A restaurant manager wants to purchase 200
sets of dishes. One design costs $15 per set, while another costs $45 per set. If she wants to use her entire budget of $5700, how many of each design should be ordered?
____ for $15 set
____ for $45 set
number of cheaper sets ---x
number of other sets ----- 200-x
15x + 45(200-x) = 5700
solve for x
Let's use the following variables to solve the problem:
Let x represent the number of sets of dishes costing $15.
Let y represent the number of sets of dishes costing $45.
According to the problem, the restaurant manager wants to purchase 200 sets in total, so we have the first equation:
x + y = 200
We also know that the budget is $5700, and that the cost per set of the $15 design is $15. Therefore, the cost of the $15 designs will be 15x. In a similar manner, we can state that the cost of the $45 designs will be 45y.

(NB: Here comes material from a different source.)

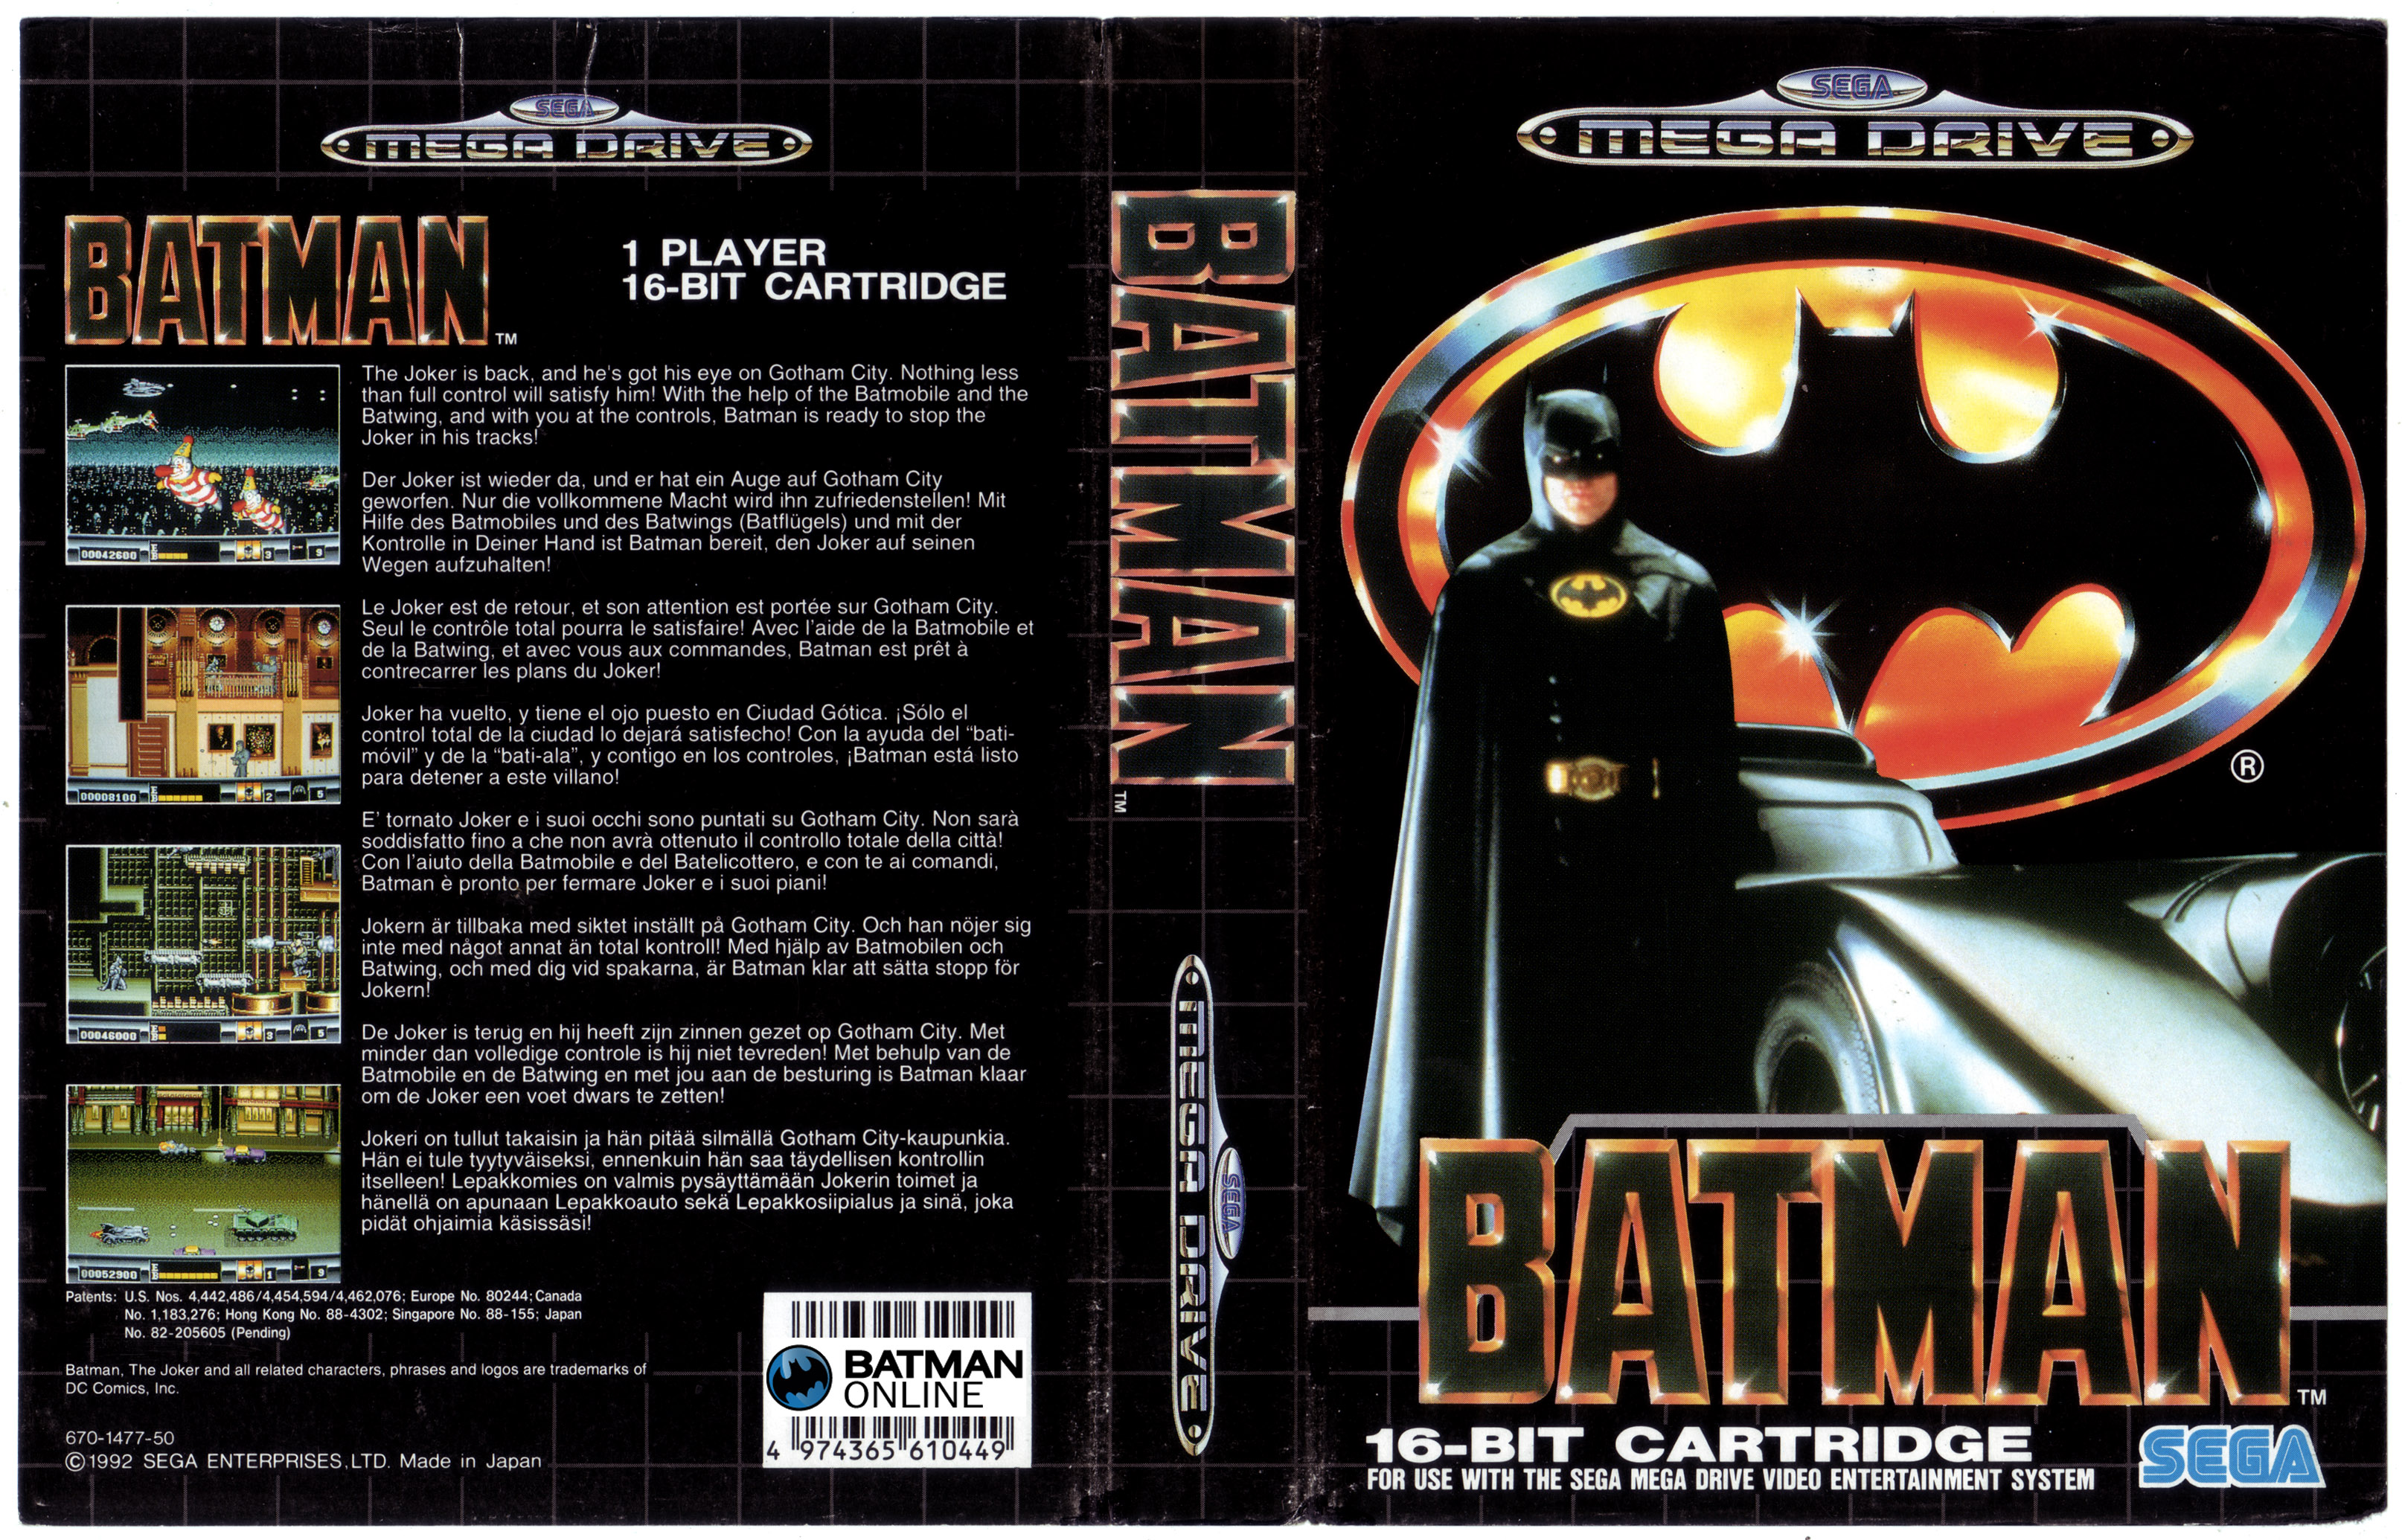 http://www.batman-online.com/images/13830519979806.jpg

This gives us the second equation:
15x + 45y = 5700
Now we can solve these two equations simultaneously using any method, such as substitution, elimination, or graphing.

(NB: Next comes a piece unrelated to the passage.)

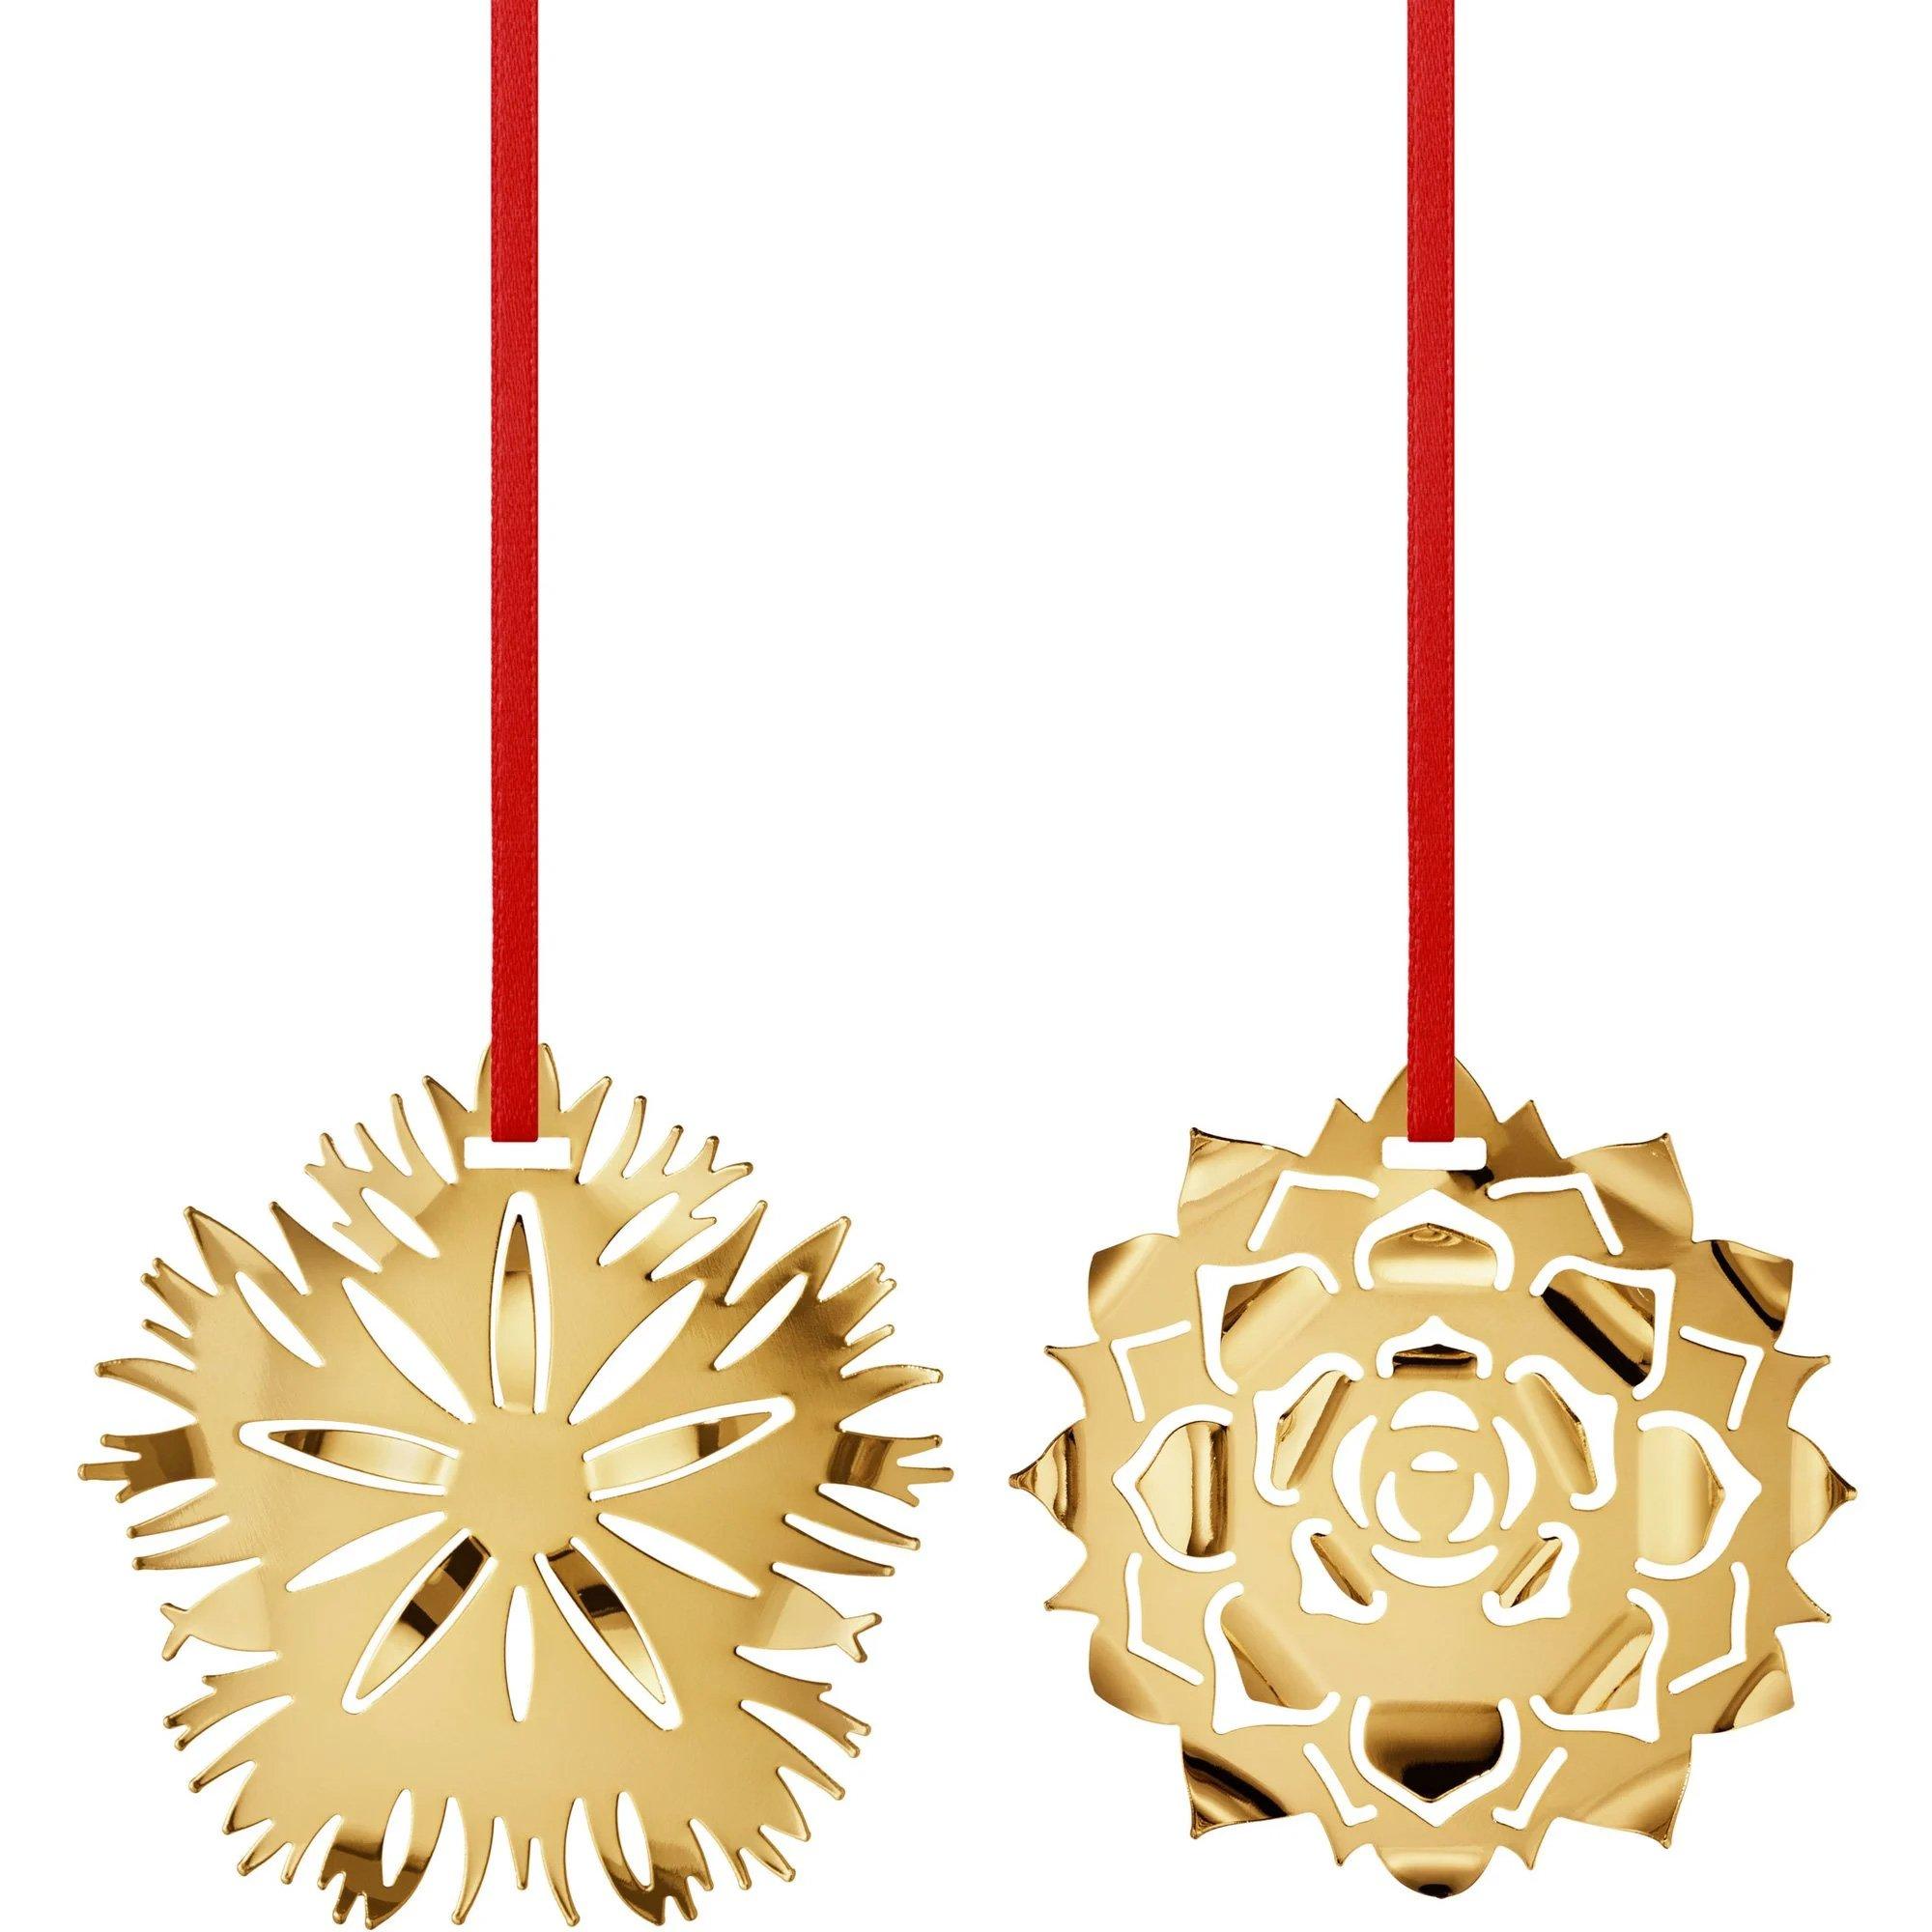 Georg Jensen 2020 Ornament Ice & Ice Rosette guld

One approach is to solve for x in the first equation:
x = 200 - y
Substituting this expression for x in the second equation, we get:
15(200 - y) + 45y = 5700
Expanding and simplifying:
3000 - 15y + 45y = 5700
Combining like terms:
30y = 2700
Dividing both sides by 30:
y = 90
Now we can substitute this value of y back into the first equation to solve for x:
x + 90 = 200
x = 200 - 90
x = 110
Therefore, the restaurant manager should order 110 sets of the $15 design and 90 sets of the $45 design.
110 for $15 set
90 for $45 set
To determine the number of sets of each design the restaurant manager should order, let's use a system of equations.
Let's assume the number of sets of the $15 design as "x" and the number of sets of the $45 design as "y".
We know that the restaurant manager wants to purchase a total of 200 sets, so our first equation is:
x + y = 200
Next, we know that the total cost of the dishes should equal the manager's budget of $5700. The cost of x sets of the $15 design is 15x and the cost of y sets of the $45 design is 45y. So our second equation is:
15x + 45y = 5700
Now, we can solve this system of equations to find the values of x and y.
First, let's solve the first equation for x:
x = 200 - y
Now, substitute this value of x into the second equation:
15(200 - y) + 45y = 5700
Simplify and solve for y:
3000 - 15y + 45y = 5700
30y = 2700
y = 90
Now, substitute the value of y back into the first equation to find x:
x + 90 = 200
x = 110
Therefore, the restaurant manager should order 110 sets of the $15 design and 90 sets of the $45 design.